======== Data excerpt
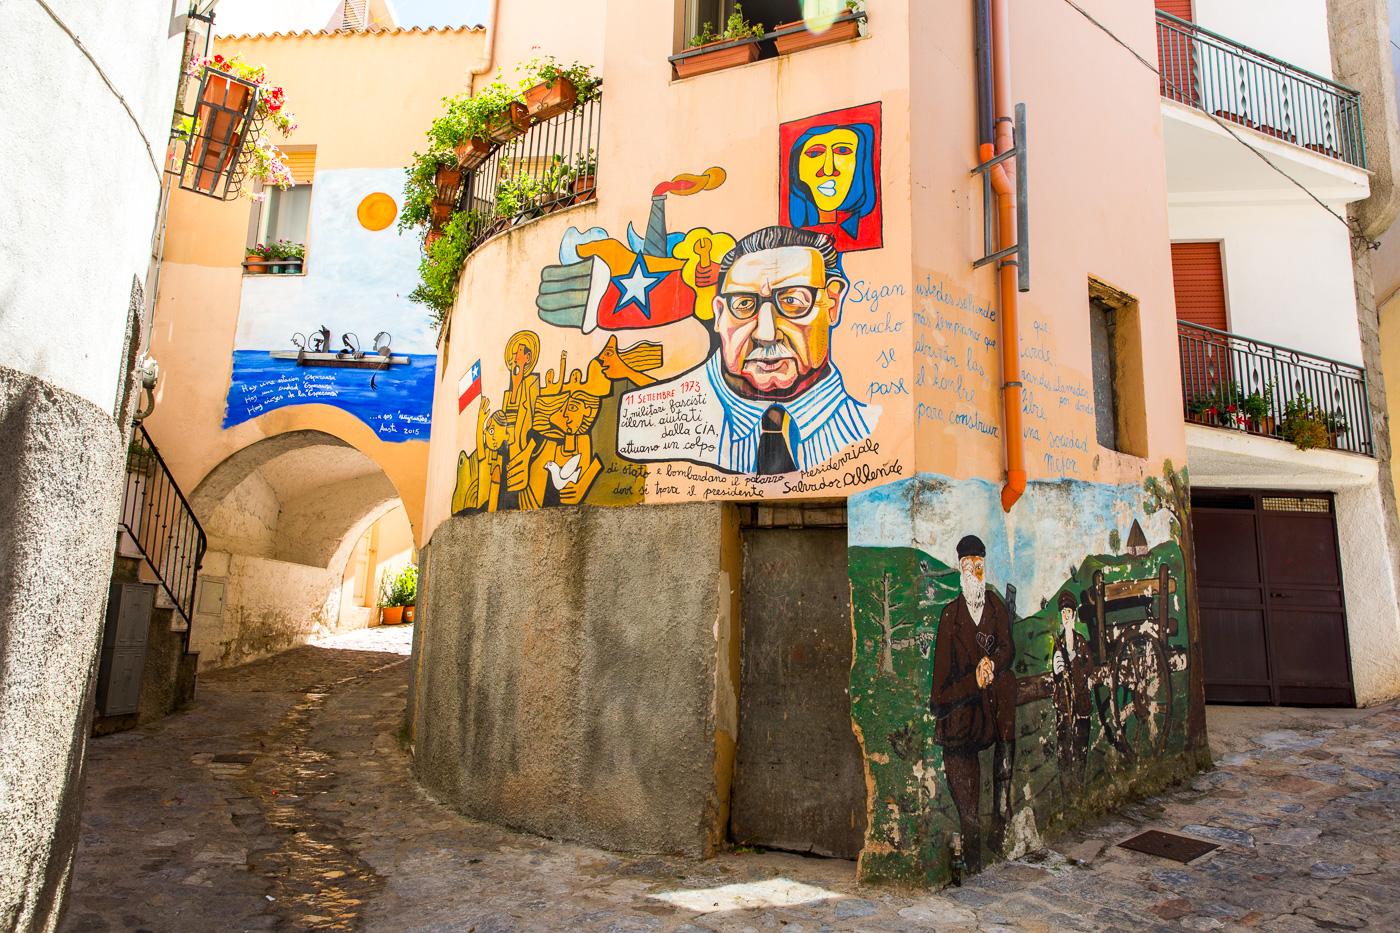 Italy_Sardinia-24.jpg
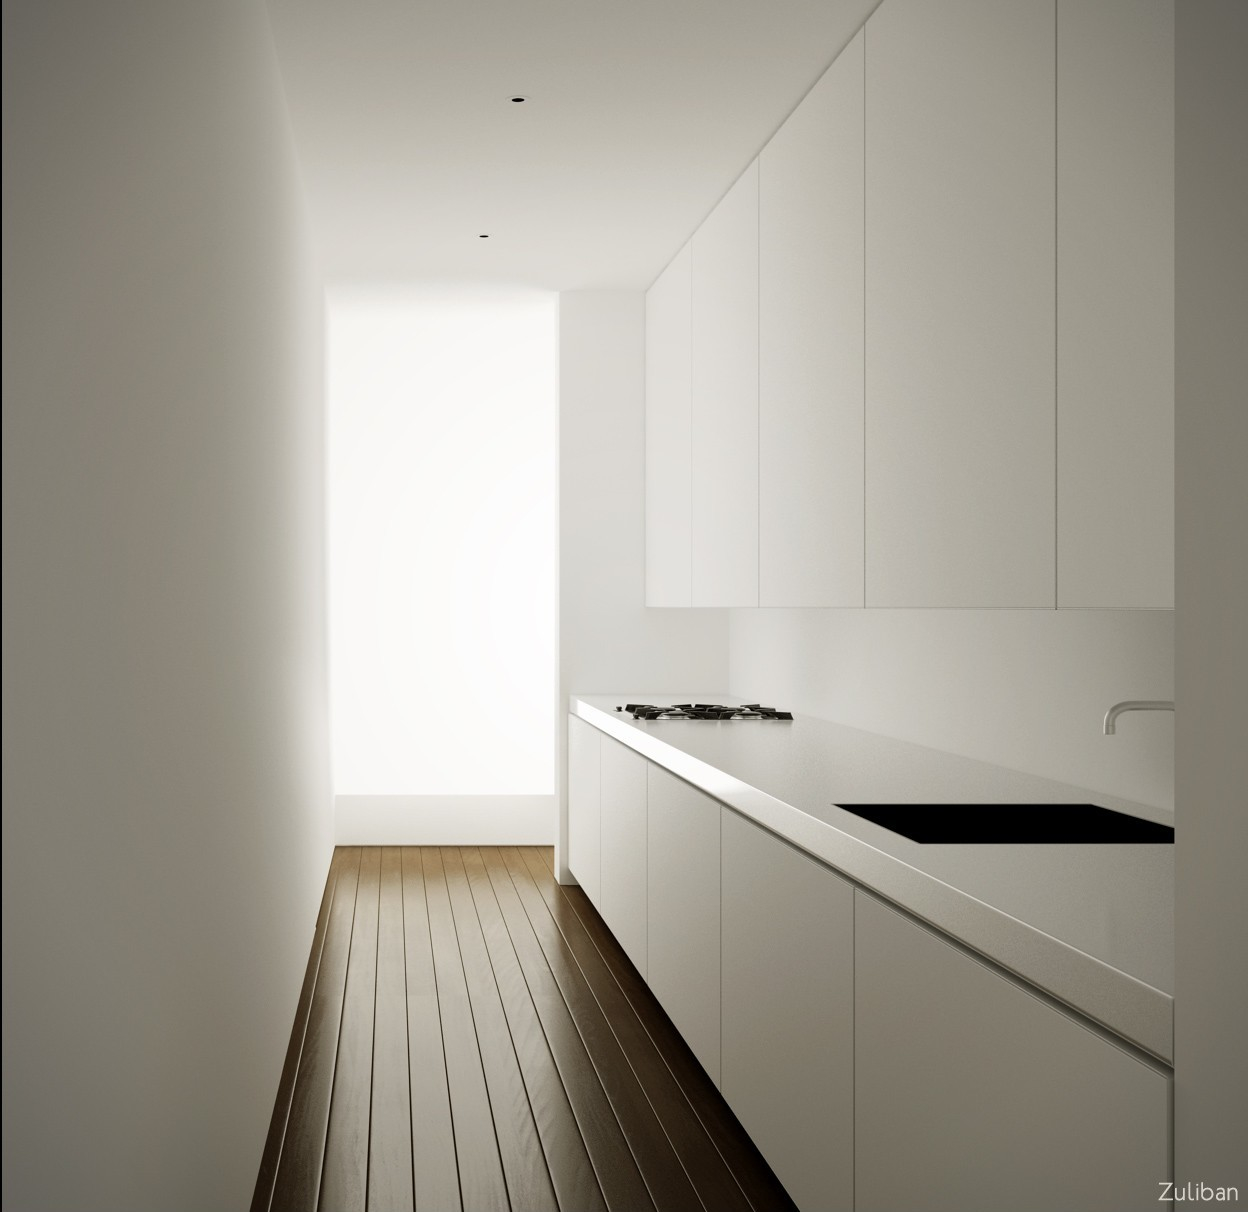 Zuliban minimal kitchen 1 e9b7e22b z023
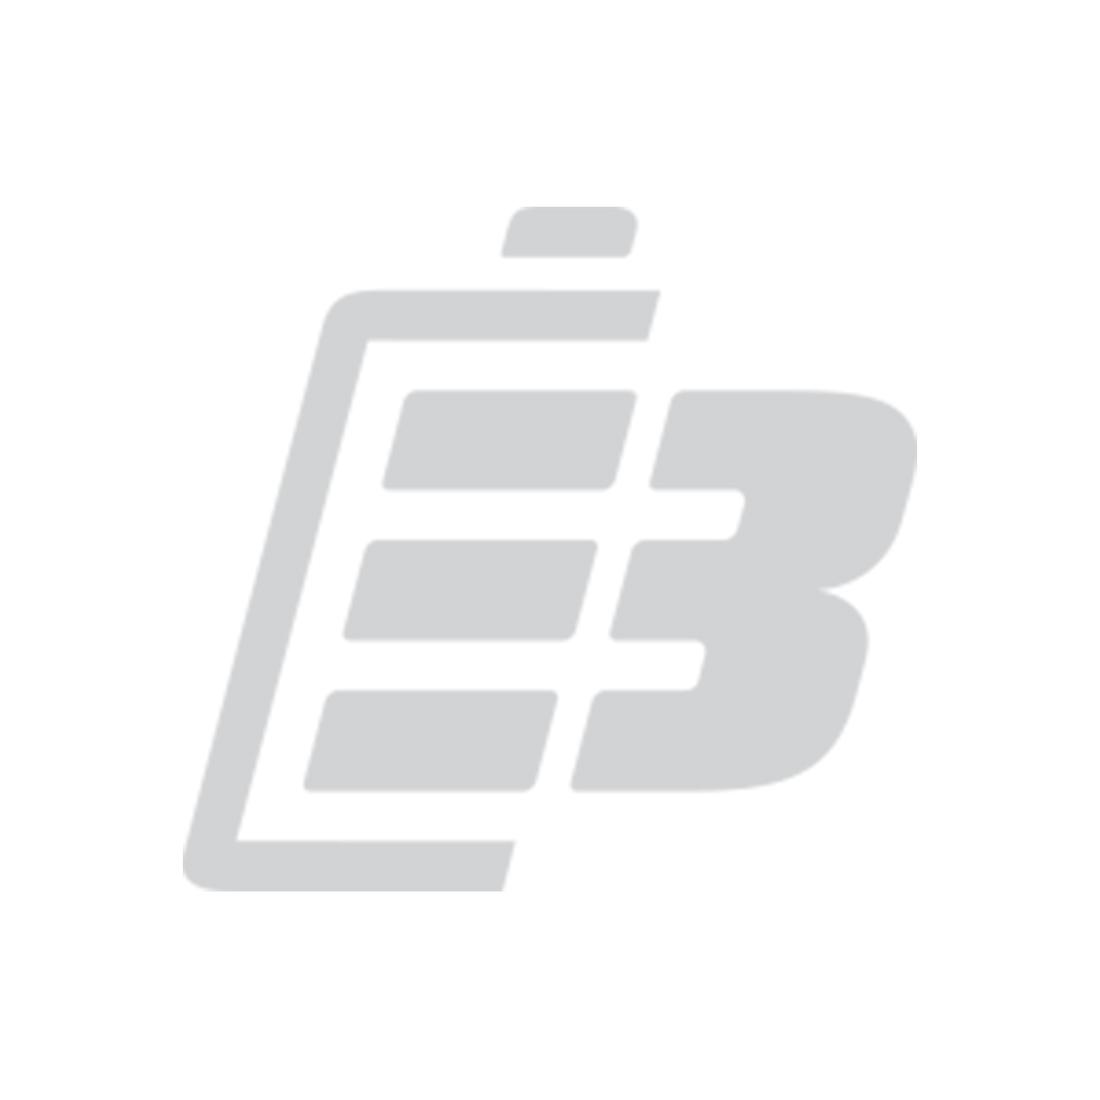 Mobile phone battery Blackberry 7100_1
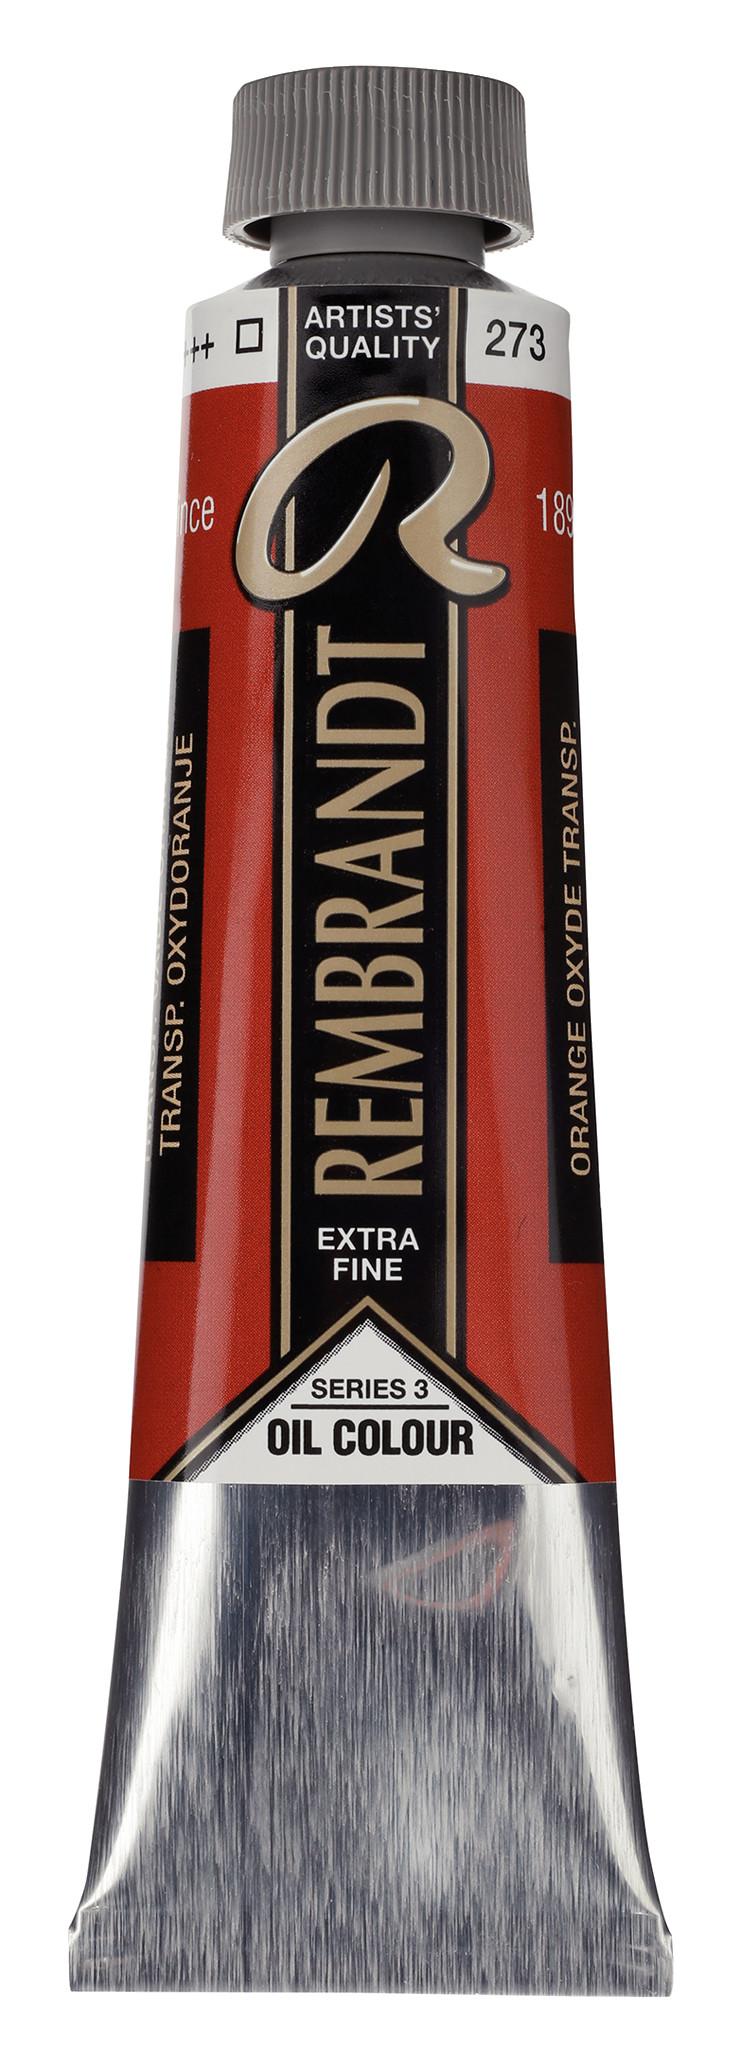 Rembrandt Oil colour Paint Transparent Oxide Orange (273) 40ml Tube
================
I'd like the material repeated word for word, without the pictures it holds.

 Italy_Sardinia-24.jpg
 Zuliban minimal kitchen 1 e9b7e22b z023
 Mobile phone battery Blackberry 7100_1
 Rembrandt Oil colour Paint Transparent Oxide Orange (273) 40ml Tube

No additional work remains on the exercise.